The fuel cell system thawing apparatus according to the second embodiment is characterized in that it operates as follows particularly when the water temperature during the operation stop period decreases. While the operation is stopped, the water temperature sensor 43 detects the water temperature in the water circulation channel 300 with the water temperature sensor 43 and outputs the detected water temperature to the controller 52. When the detected water temperature has dropped to a temperature at which the cooling water may freeze, the controller 52 closes the shut-off valve 41, opens the drain valve 40, activates the pump 14, and discharges the cooling water in the cooling water tank 13 into water. Collected in tank 42.

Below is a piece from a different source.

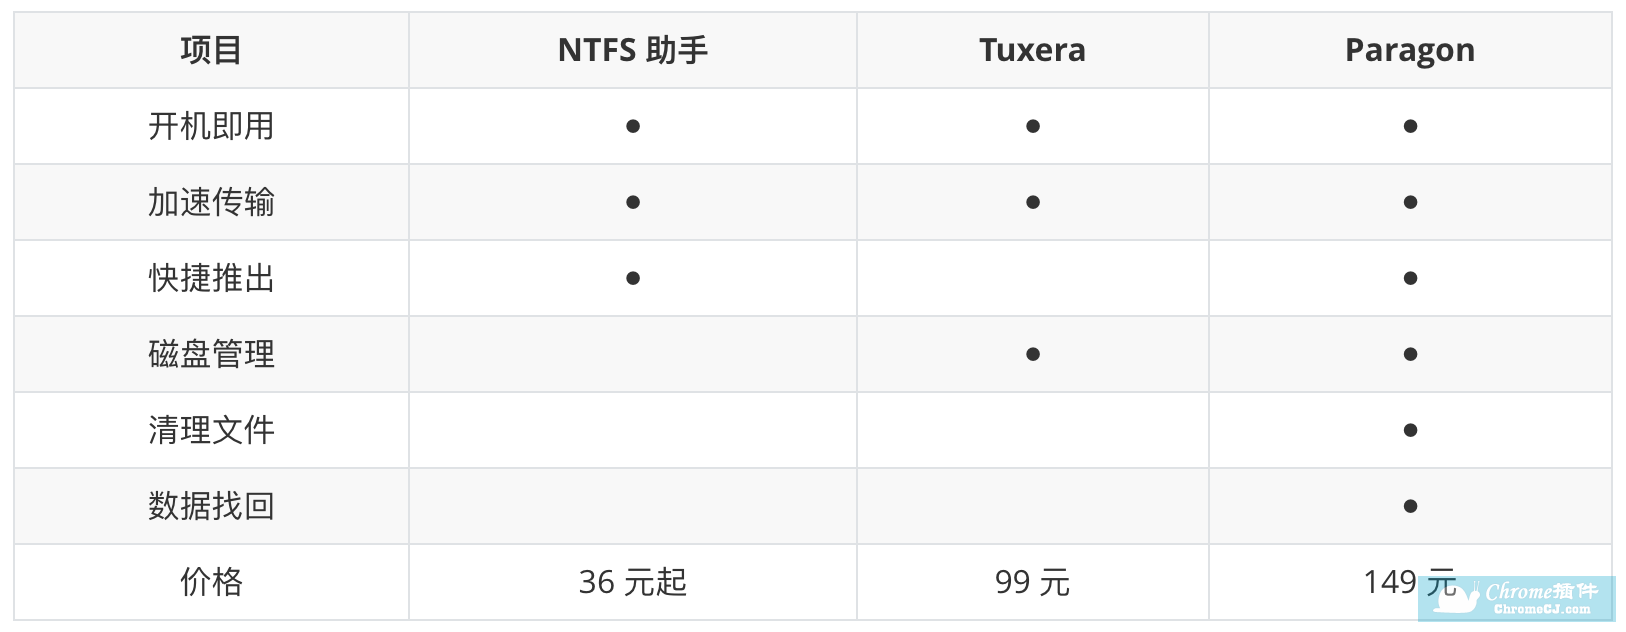 NTFS 助手 vs 其他 NTFS 工具
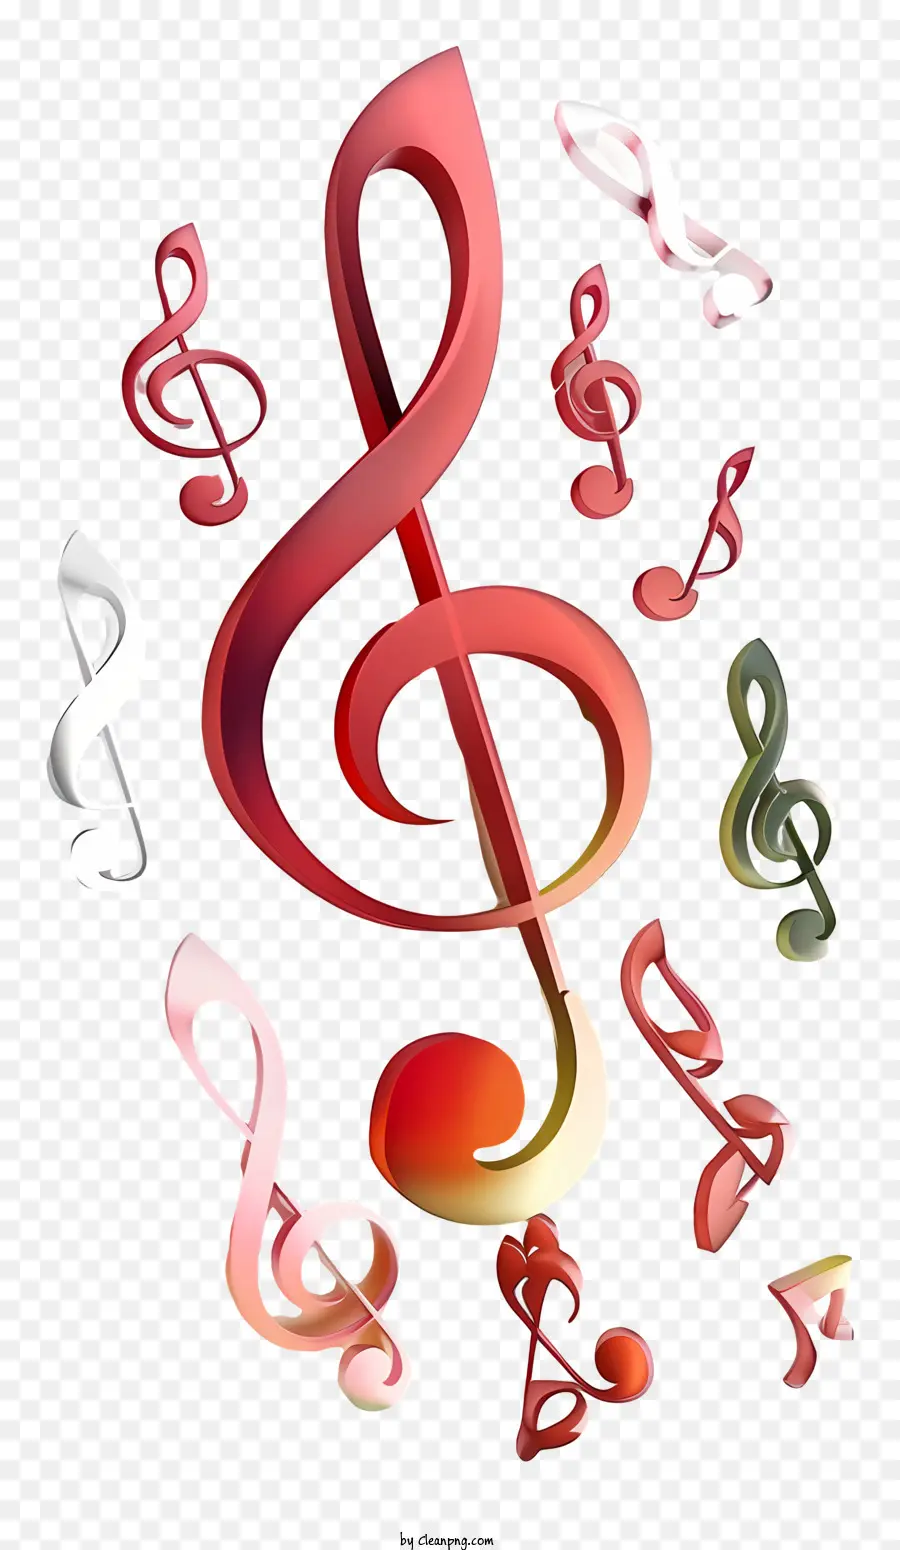 le note di musica - Note musicali colorate attorno al simbolo della clef acuti

Accordingly, the water in the water circulation path 300 is kept in the water circulation path 300 until the water drops to a temperature close to the freezing temperature, so that the pipes and the flow path inside the apparatus can be kept warm with water having a high specific heat. It is possible to shorten the time required for the piping and equipment to be exposed to a temperature below the freezing point, to suppress the progress of freezing, and to collect water in the water circulation channel 300 when the water temperature decreases to a certain extent, thereby freezing the water. The resulting destruction of equipment and piping can be prevented, and the thawing operation time at the time of subsequent startup can be shortened.

[Brief description of the drawings]

FIG. 1 is a block diagram showing a configuration of a first embodiment of the present invention.

FIG. 2 is a block diagram showing a normal operation state of the fuel cell system according to the embodiment.

FIG. 3 is a block diagram showing a battery heating operation state of the fuel cell system thawing apparatus in the embodiment.

FIG. 4 is a block diagram showing a thawing operation state of the fuel cell system thawing apparatus in the embodiment.

FIG. 5 is a block diagram showing a configuration according to a second embodiment of the present invention.

[Explanation of symbols]

 DESCRIPTION OF SYMBOLS 1 Compressor 2 Fuel cell 5 Condenser 7 Reformer 10 Condenser 13 Cooling water tank 14 Pump 26 Heater 27 Battery 28 Duct 40 Drain valve 42 Water tank 43 Water temperature sensor 50 Temperature sensor 51 Controller 100 Battery heating flow path 200 Pipe heating Channel 300 Water circulation channel

Claims (3)

[Claims] 1. A fuel cell, wherein a hydrogen-rich reformed gas generated by a reformer is supplied to an anode side of a fuel cell and air sent from an air compressor is supplied to a cathode side of the fuel cell to generate electric power by a cell reaction. In the system, an air heater that heats air sent from the air compressor by a combustion exhaust gas of the reformer, and a battery as a flow path of air that has been heated by passing through the air heater, heating a battery, A battery heating flow path returning to the reformer and a piping heating flow path for heating equipment and piping other than the battery and returning to the reformer; a temperature detecting means for detecting a representative temperature of the fuel cell system; When the representative temperature detected by the detecting means is lower than a predetermined reference temperature, the representative temperature is higher than the reference temperature in the battery heating flow path. In such a case, the fuel cell system decompression device includes an air flow path switching means for switching the flow path so that the heated air passing through the air heater flows through the pipe heating flow path. 2. The fuel cell system thawing device according to claim 1, wherein the temperature detecting means detects the temperature of the battery as the representative temperature. 3. A water flow path pipe, a water temperature detection means for detecting a water temperature of the water flow path pipe, and a water temperature detected by the water temperature detection means while the fuel cell system is stopped is lower than a predetermined reference water temperature. 3. The fuel cell system according to claim 1, further comprising: a water draining unit configured to drain water in the water flow path pipe and in a device located in the water flow path pipe when the temperature of the fuel cell pipe becomes low. 4. Thawing device.